Given data:
⟨

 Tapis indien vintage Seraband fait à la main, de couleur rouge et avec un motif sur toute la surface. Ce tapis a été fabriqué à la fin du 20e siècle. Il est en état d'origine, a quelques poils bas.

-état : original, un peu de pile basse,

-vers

⟩

To do:
Return every line above exactly.

Final answer:
 Tapis indien vintage Seraband fait à la main, de couleur rouge et avec un motif sur toute la surface. Ce tapis a été fabriqué à la fin du 20e siècle. Il est en état d'origine, a quelques poils bas.

-état : original, un peu de pile basse,

-vers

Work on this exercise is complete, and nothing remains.